Le Detroit en images est lent
J'avoue que, quand j'ai entendu parler de ce film, lors du Festival de Cannes 2014, j'ai été surpris. Un film de vampires en compétition officielle, ça faisait bizarre. Un film de vampires signé Jim Jarmusch, ça fait encore plus bizarre.
Je n'avais pas croisé la route du cinéaste depuis le très bon Broken Flowers. D'où une certaine impatience de ma part à voir ce nouvel opus.
Dès le début, on se retrouve dans du Jarmusch. Rythme lent, personnages marginaux, importance de la musique, scènes contemplatives, scènes comme figées, ambiance vague et mélancolique.
Dans les premières minutes nous suivons les trajets parallèles de deux personnages, Adam et Eve (non, ce n'est pas une blague). Lui est à Detroit, elle à Tanger. Des décors qui ont leur importance, tant ils s'accordent à l'humeur des personnages. Detroit, c'est la ville est déliquescence, la ville en ruine, ravagée économiquement et socialement, une ville dont on ne verra que des immeubles en voie de putréfaction. Une ville sombre et comme morte. La ville idéale pour un misanthrope suicidaire qui passe sa vie enfermé dans son logement, entouré de ce qui lui est nécessaire, à savoir des guitares et tout ce qu'il lui faut pour faire sa musique.
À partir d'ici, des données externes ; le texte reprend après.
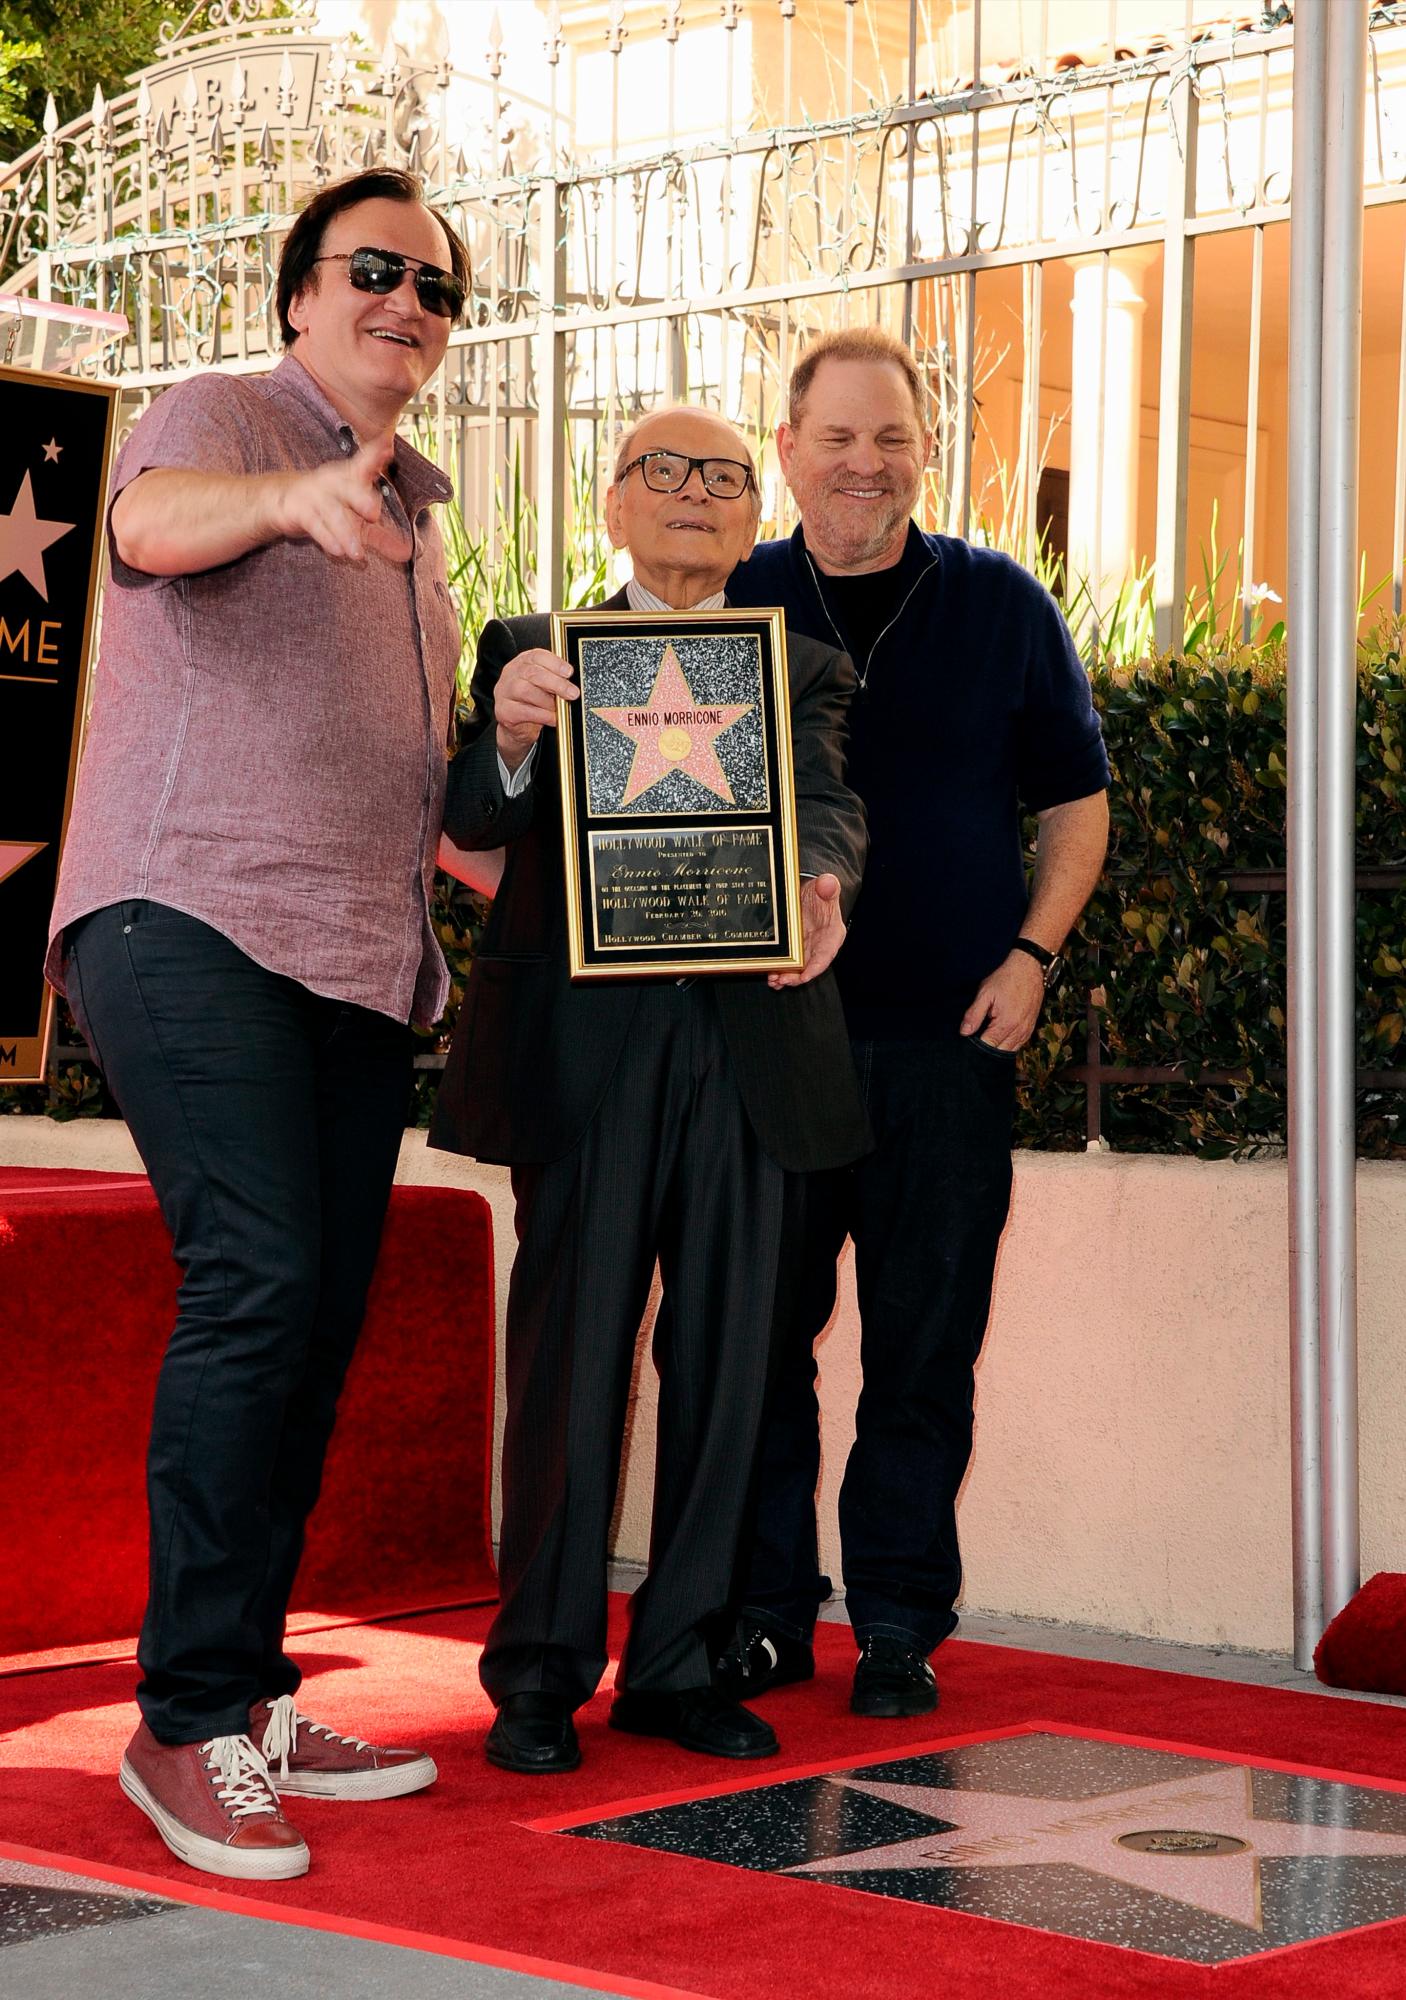 El director estadounidense Quentin Tarantino (L) y el productor estadounidense Harvey Weinstein (R) posan con el compositor italiano Ennio Morricone (C) durante una ceremonia en Hollywood, California, EE. UU., el 26 de febrero de 2016 Morricone recibió la estrella 2.574 en el Paseo de la Fama en la categoría de Actuación en vivo/teatro.
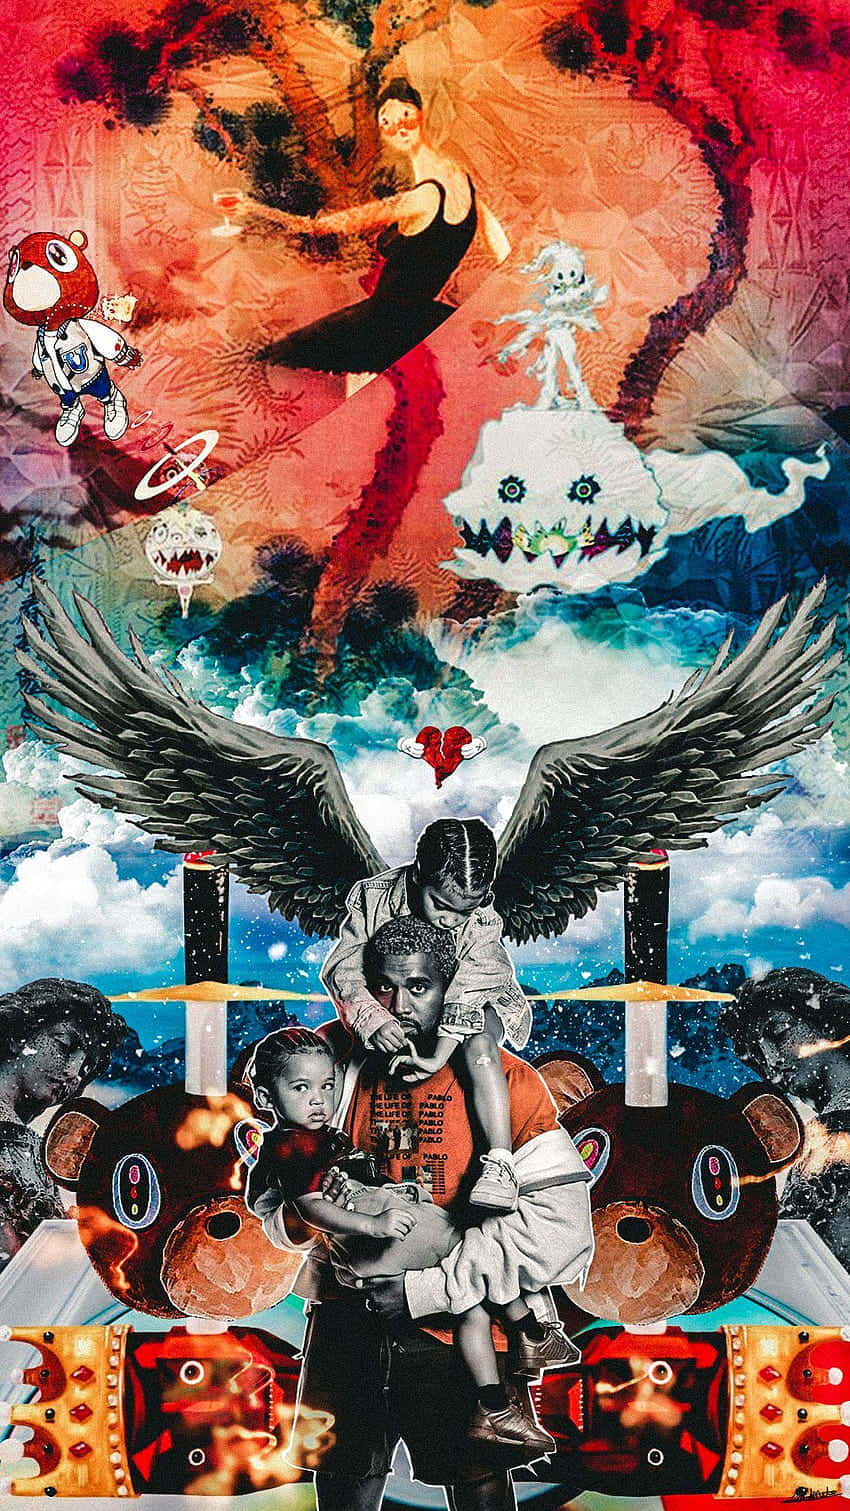 Kanyewest Präsentiert Seine Neueste Innovation, Das Kanye West Iphone. Wallpaper

Tanger, au contraire, est une ville plus lumineuse. Filmée dans des tons ocres, elle se révèle toute suite plus chaleureuse, plus propices aux sorties. Ses petites rues tortueuses s'opposent aux grands boulevards déserts. Un univers plus humain et vivant, qui en dit long sur le personnage d'Eve, plus sociable, plus accrochée à la vie et à ses plaisirs.
Cette différence de décors va rythmer le film. D'abord par un montage parallèle, nous passons rapidement (enfin, la rapidité selon Jarmusch) d'une ville à l'autre. Puis, Eve rejoint Adam à Detroit, où se passera la majorité du film. Enfin, ce sera retour à Tanger. Et, à chaque fois, el passage d'une ville à l'autre signifiera un changement d'ambiance, le passage d'une atmosphère mortifère à une autre, plus vivante.
Adam et Eve sont donc amants. Depuis un temps sûrement considérables pour nous, pauvres humains. Et Eve rejoint alors Adam à Detroit. Commence la partie la plus longue et pas franchement la plus passionnante du film. Adam et Eve sont dans la maison d'Adam. Ils boivent du sang comme d'autres se font un fix. Ils écoutent de la musique. Ils découvrent des amanites tue-mouches dans le jardin. Wahoo !
Le minimum qu'on puisse dire, c'est que le rythme est lent. Les seules scènes vraiment intéressantes alors sont les sorties nocturnes dans les boulevards de Detroit. ça rappelle un peu une version nocturne de Ghost Dog.
Certes, Adam et Eve se devaient d'être seuls au monde. Sûrement plus le premier couple, mais peut-être bien les derniers humains au monde. Dans ce monde-là, en tout cas.
A part ça, j'avoue que l'ennui m'a bien gagné...
...jusqu'à l'arrivée d'Ava, la sœur d'Eve. L'emmerdeuse (car c'en est une) a réveillé mon intérêt pour le film. Mais là, je n'en dirais pas plus.
Esthétiquement très travaillé, le film propose une vision assez particulière du thème des vampires, des personnages qui brûlent leur propre vie. Jarmusch reprend à son compte diverses visions du thème. Le vampire rockeur (comme le Lestat d'Anne Rice), le vampire-drogué (comme dans The Addiction, la magnifique film d'Abel Ferrara). Quelques notes d'humour viennent ponctuer l'ensemble.
Mais il faut bien admettre que la lenteur excessive m'a ôté une grande partie de l'intérêt que je pouvais avoir pour le film.